# printers "greyed out"



## ricke11205 (Oct 24, 2019)

My printers are "greyed out" and i cannot add a printer. When I try to print none of the printers show up in the dialog box. When I try to add a printer is says "
The local print spooler service is not running." restart the spooler or restart the machine. Neither work.


----------



## flavallee (May 12, 2002)

You haven't provided any description of your printers.

Have you installed the Windows 10 software driver package for them?

Are they listed in *Settings - Devices - Printers & Scanners*?

----------------------------------------------------------------


----------



## SeanLaurence (Sep 6, 2019)

Start by checking your windows updates. I have seen this kind of thing happening when an update is half installed.
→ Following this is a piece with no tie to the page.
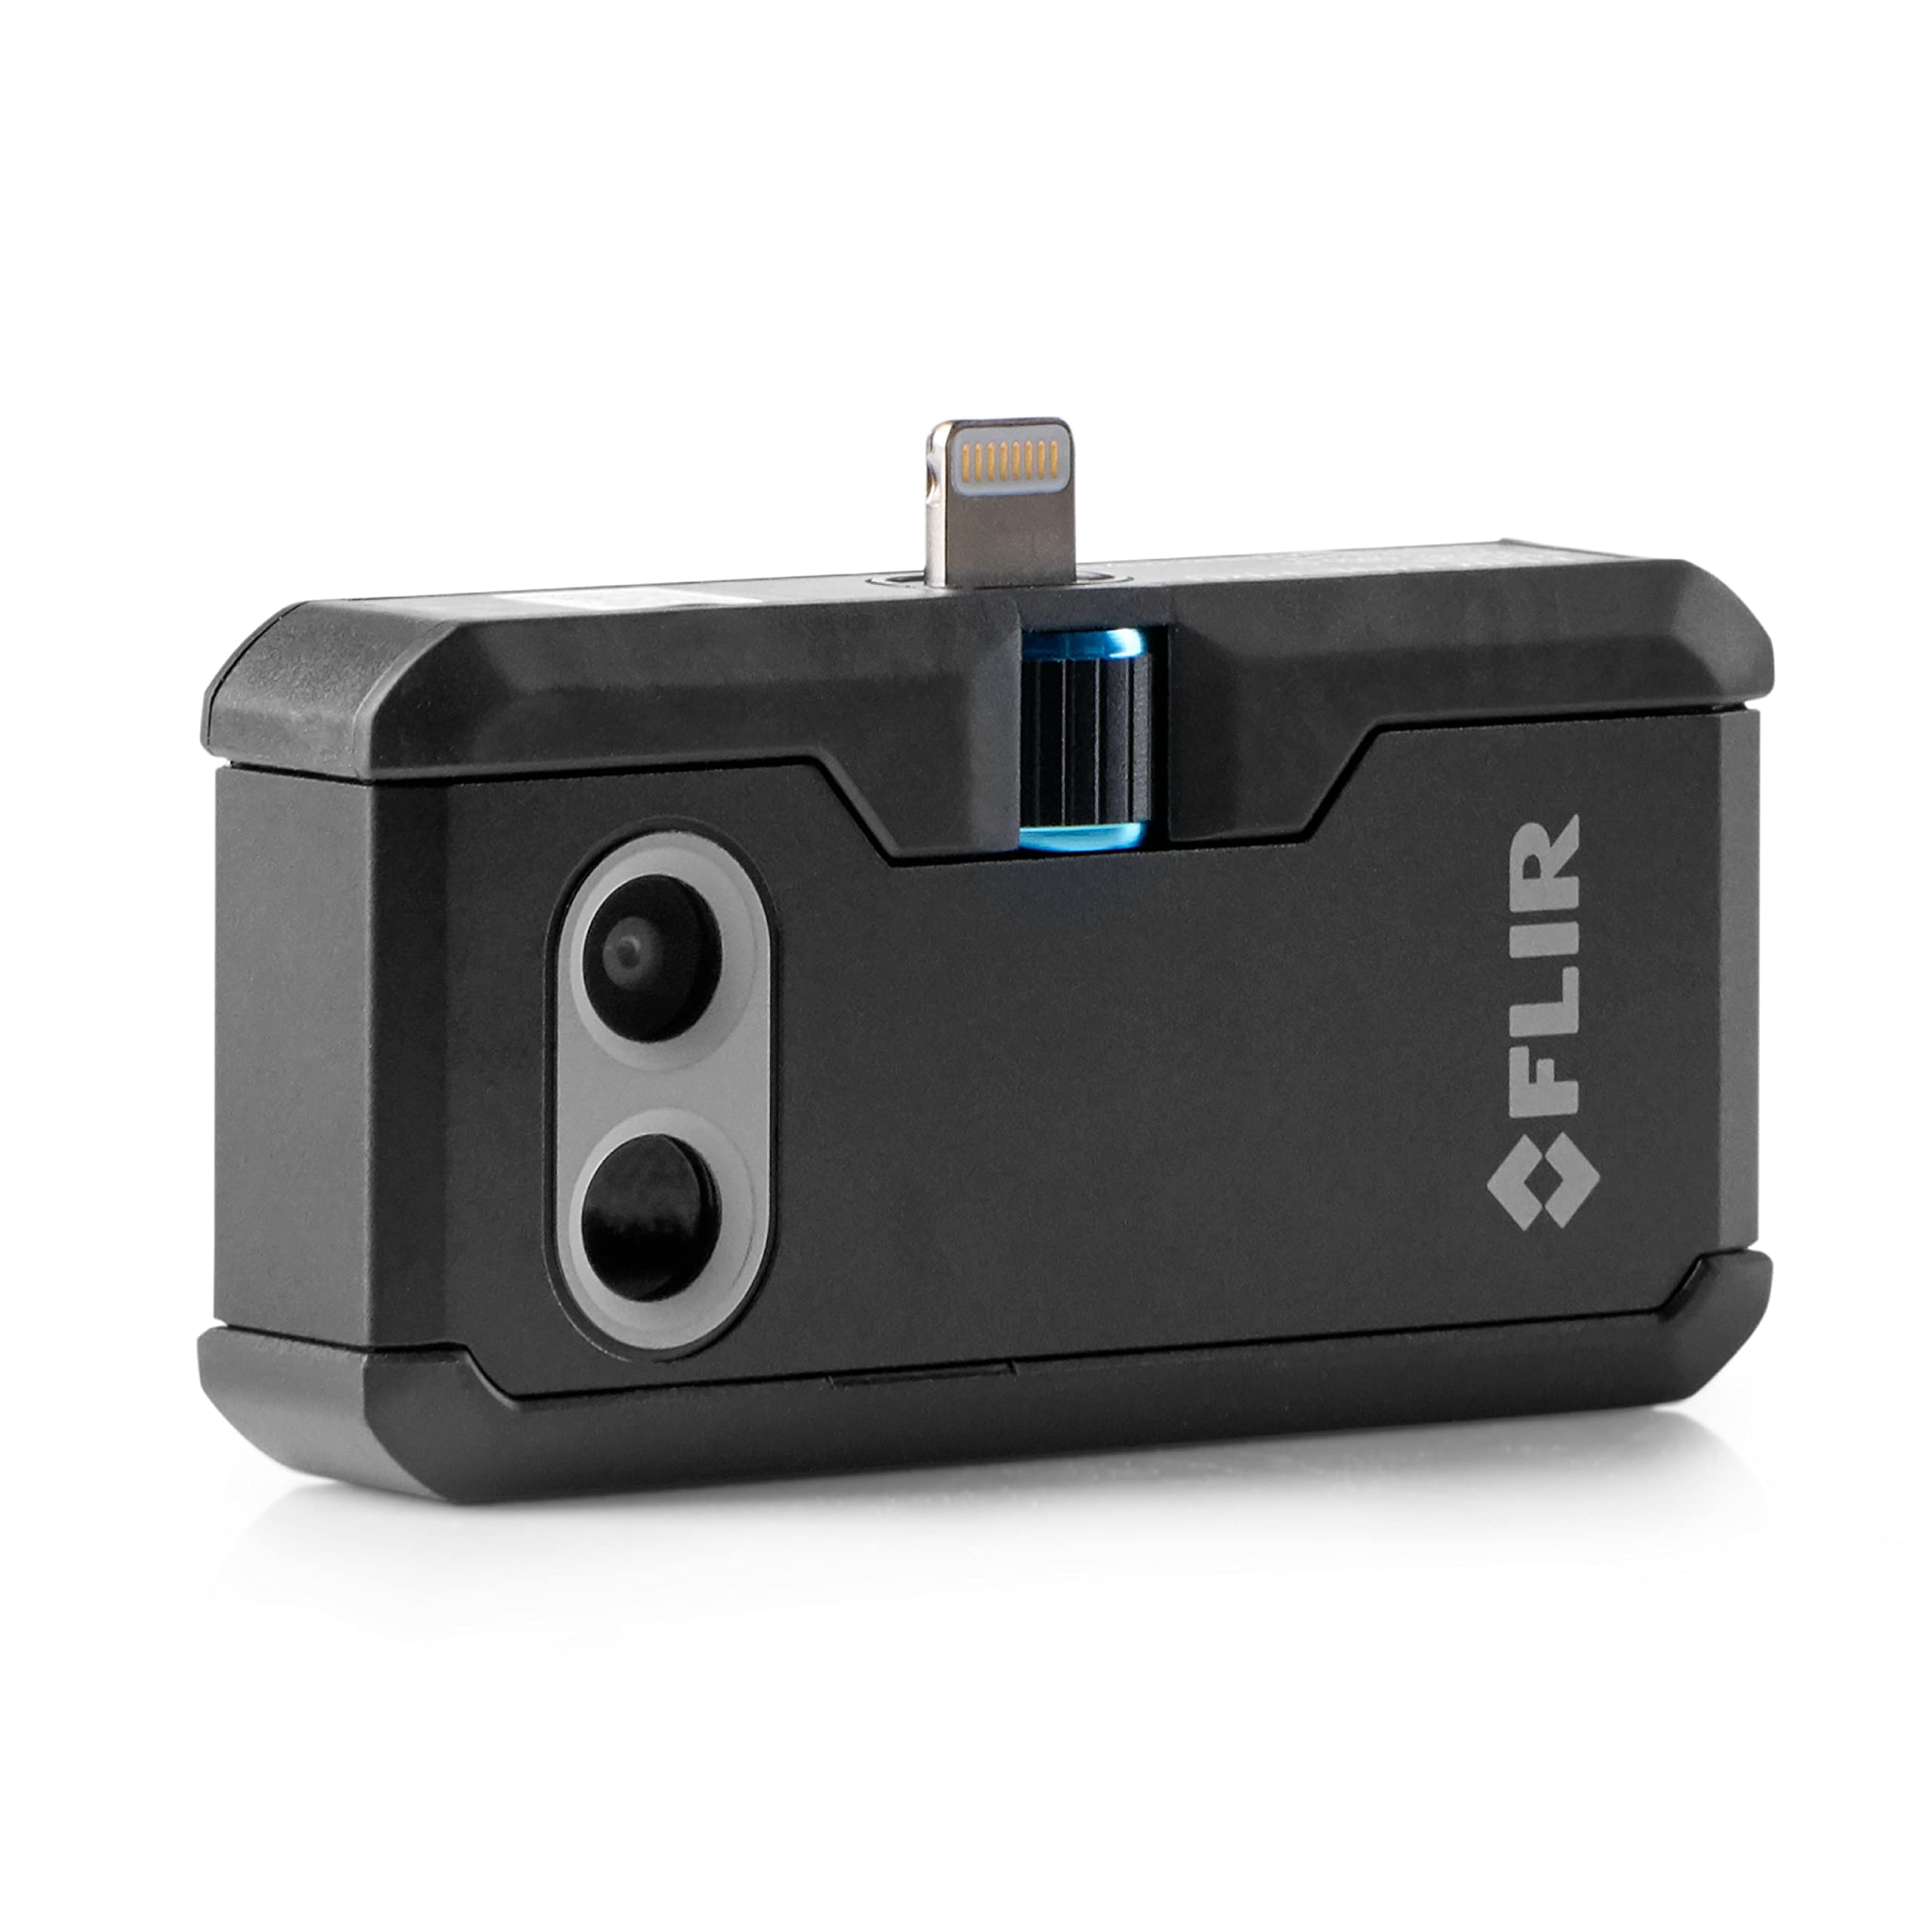 FLIR ONE Pro - iOS - Caméra thermique de qualité professionnelle pour smartphones - avec VividIR et MSX Image Enhancement Technology

Reset and Clear Print Spooler
1. Open an elevated command prompt.
2. Enter the commands below into the elevated command prompt one at a time, and press Enter after each command. 
*net stop spooler
DEL /F /S /Q %systemroot%\System32\spool\PRINTERS\*
net start spooler*
3. When finished, you can close the elevated command prompt if you like.

I always recommend doing a scan with ADWCleaner -it is fast and free. Sometimes unnoticed malware causes odd issues.


----------



## ricke11205 (Oct 24, 2019)

flavallee said:


> You haven't provided any description of your printers.
> 
> Have you installed the Windows 10 software driver package for them?
> 
> ...










My list of Printers.


----------



## ricke11205 (Oct 24, 2019)

SeanLaurence said:


> Start by checking your windows updates. I have seen this kind of thing happening when an update is half installed.
> 
> Reset and Clear Print Spooler
> 1. Open an elevated command prompt.
> ...


I've tried those. No results.


----------



## bassfisher6522 (Aug 8, 2008)

You have all those printers physically installed?


----------



## ricke11205 (Oct 24, 2019)

flavallee said:


> You haven't provided any description of your printers.
> 
> Have you installed the Windows 10 software driver package for them?
> 
> ...


Attachment lists the printers and show them greyed out.


bassfisher6522 said:


> You have all those printers physically installed?





bassfisher6522 said:


> You have all those printers physically installed?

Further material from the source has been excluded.